Since the weekend I’ve been trying to work out why the code to upload data to my Cosm feed was falling over after random periods of time. Sometimes it lasted for a few hours before dying, but others it lasted just minutes. There was no readily visible pattern, so it was time to get Googling and also accumulate a bit more data so I could get a better handle on where the problem was occurring. All I could see from the Cosm feed graph was that all of a sudden no further updates were being received and the graphs flatlined. I had nothing to tell me if it was because I was no longer getting any data from the CurrentCost itself, or I was getting data but was failing to post it to Cosm via the EtherCard library.

Cosm data upload flatlines

To validate the data from the CurrentCost, I put in some additional debugging to check that values were still being received and sure enough, every six seconds or so it spat out a line which matched that on the CurrentCost’s display – so they were still being updated, but not being posted.

Not knowing what may be up inside a library that I’d never really used before, I added some more debugging to the console and additional metrics to the Cosm feed. The console now showed me the HTTP request going out and (through the recently added ether.tcpReply() function) the HTTP response coming back. I added current available memory (using the MemoryFree library from the Arduino Playground) and stash.size() & stash.freeCount() (the Stash is implemented in the EtherCard library and uses the RAM inside the ENC28J60 Ethernet controller as a scratchpad) to the Cosm feed, restarted and waited for the data to come rolling in. Sure enough, after twenty minutes or so, it died in a pathetic whimpering kind of way …

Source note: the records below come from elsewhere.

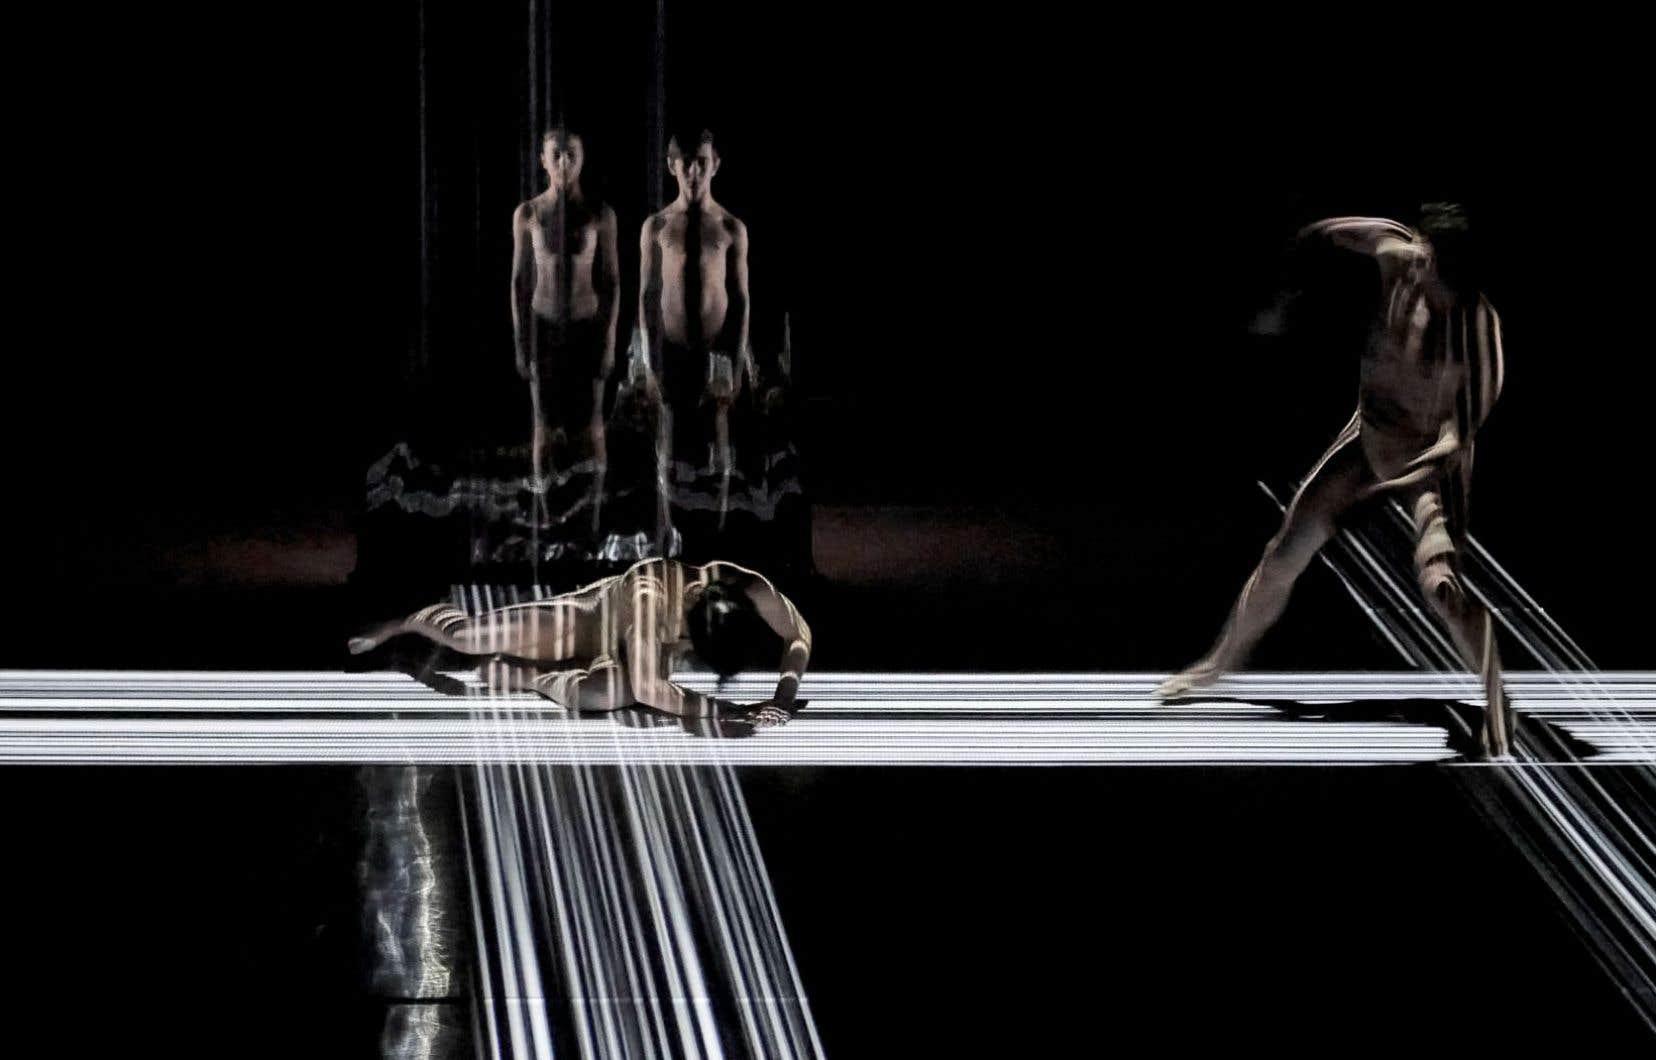 Grâce au design d'interaction créé par Jérôme Delapierre, les danseurs interagissent en temps réel avec l'image et leurs clones virtuels.
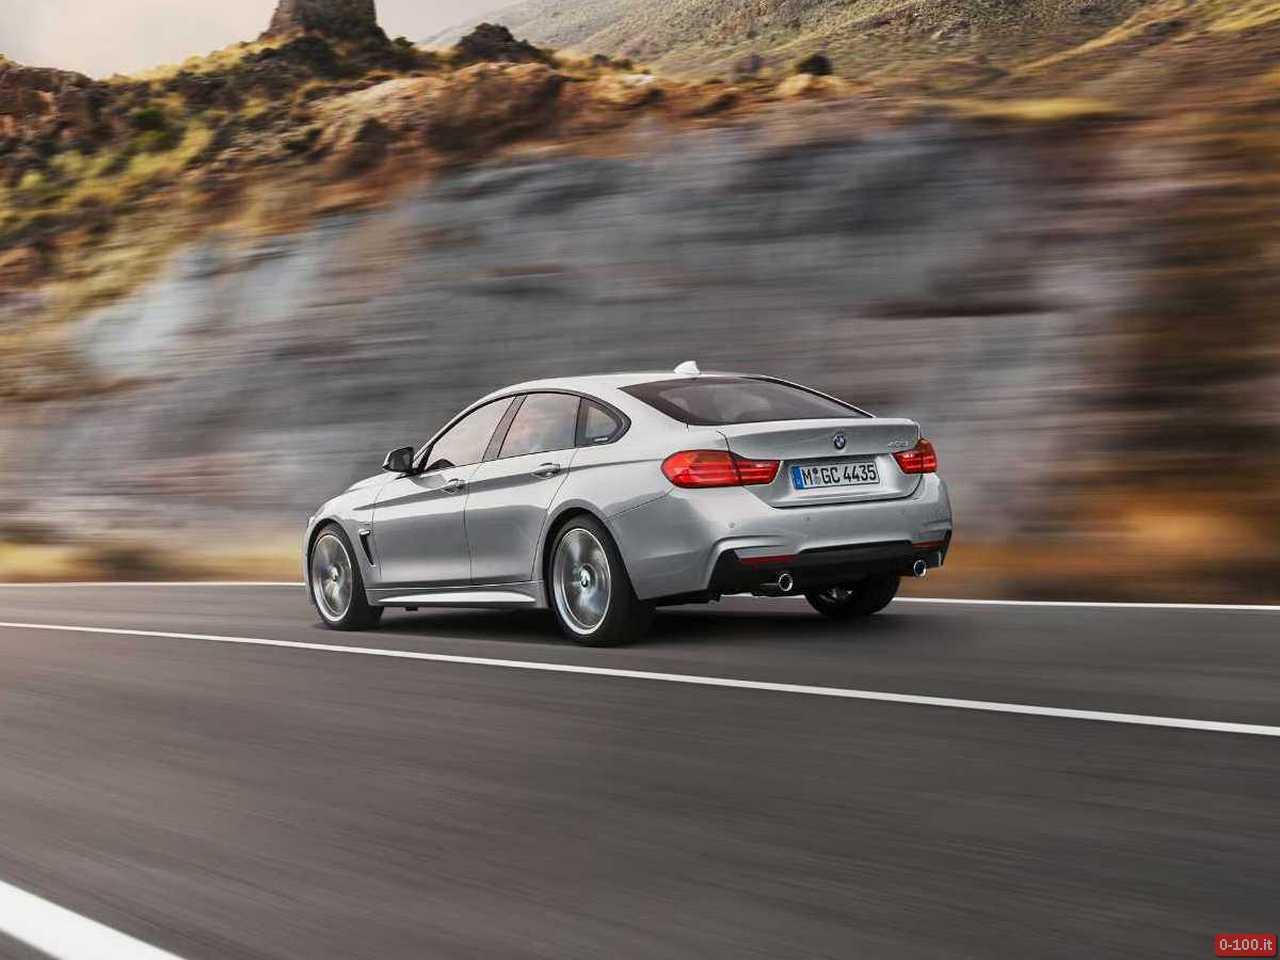 bmw-serie-4-gran-coupe-prezzo-price-ginevra-geneve-2014-0-100_47
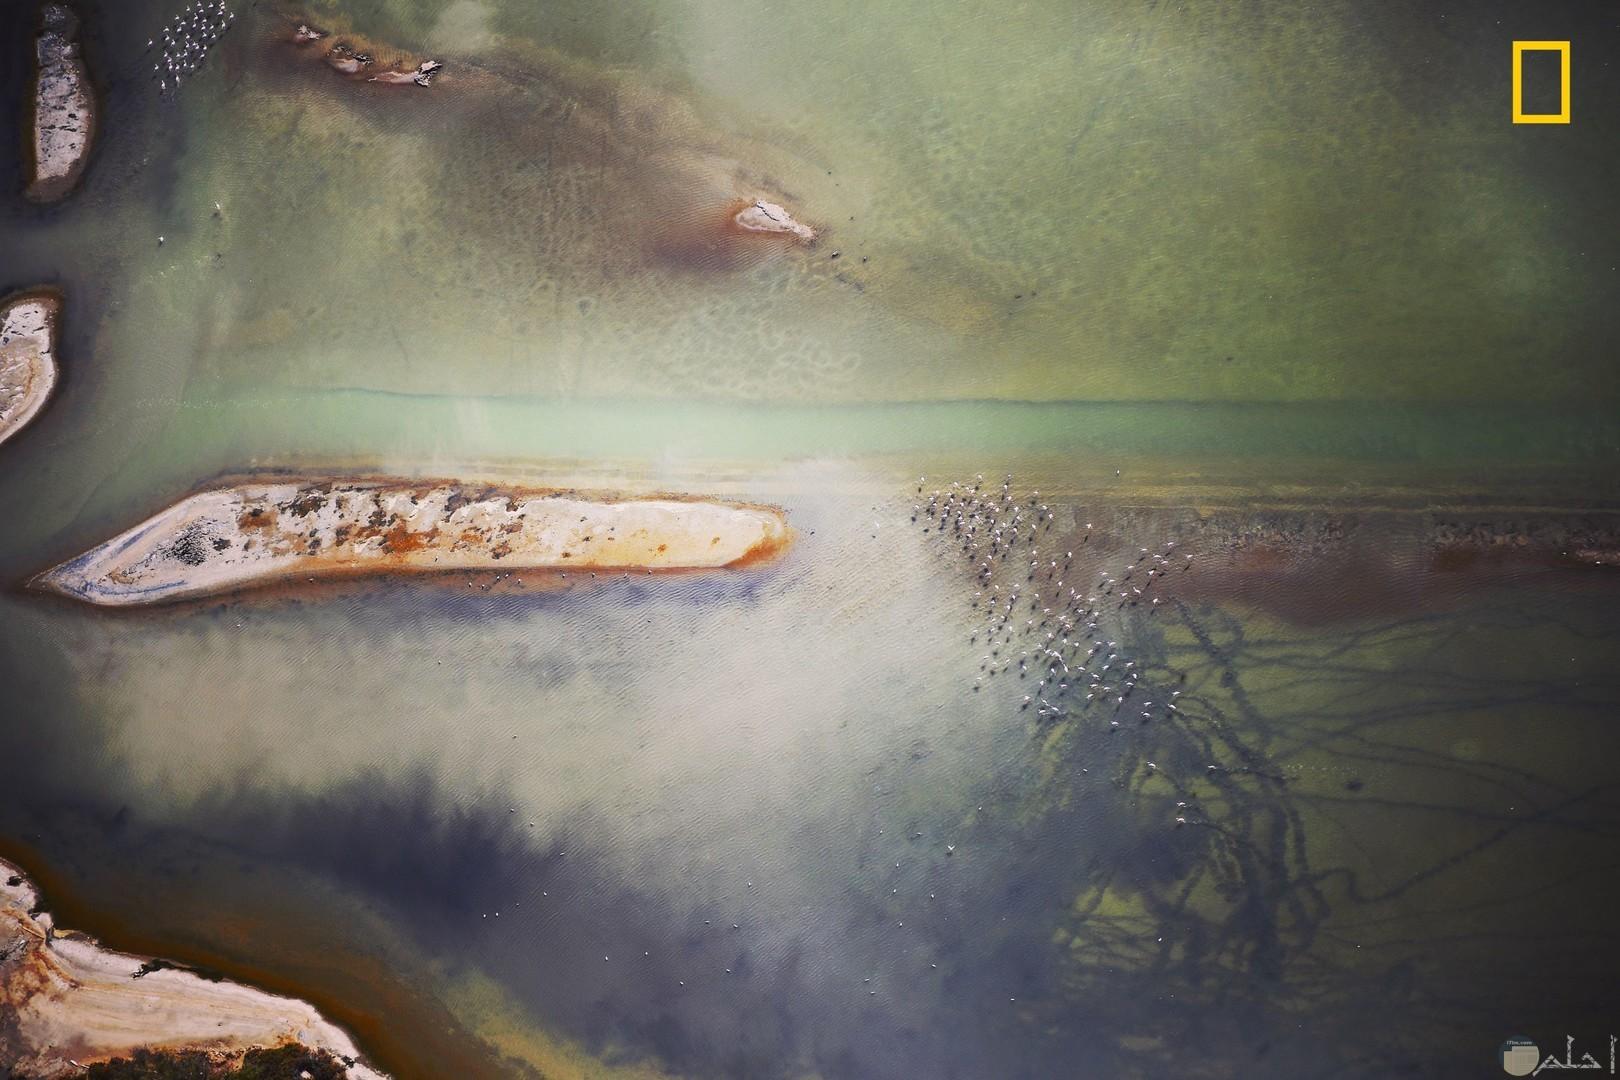 صورة من أرتفاع شاهق لمجرى الماء والخضرة.

There was no apparent drop in available memory on the Arduino, nor was their a change in the Stash size (though I hadn’t expected there to be) but what was apparent was the way the freeCount() on the Stash dropped off and never recovered, until there were no free buffers. At this point, the HTTP debugs show that the outbound request becomes corrupted – which is why the Cosm feed stops updating. The requests still get sent, it’s just that they’re full of crap, so Cosm ignores them.

Death of the Stash

So what’s the solution?“, I hear you ask. Well, now that I had an idea of where the problem might be I tracked down a number of discussions of similar sounding problems, most of which seemed to be being experienced by users in the Nanode community (as the Nanode uses the same ethernet chip and thus the same library). Figuring that if the freeCount() kept dropping and never recovered, I could try re-initialising the Stash before it got into a terminal state. Taking inspiration from EtherCard::begin() I added the following just before I tried to use the Stash as a quick’n’dirty hack to see if I could fend off the crash;

if (stash.freeCount() <= 3) {
  Stash::initMap(56);
}

Success! Here we can see the stash.freeCount() dropping over time (third line in the graph) and then getting re-initialised … and all the while we’re still posting power and temperature readings with no flatlining, which was the original point of all of this, if you remember.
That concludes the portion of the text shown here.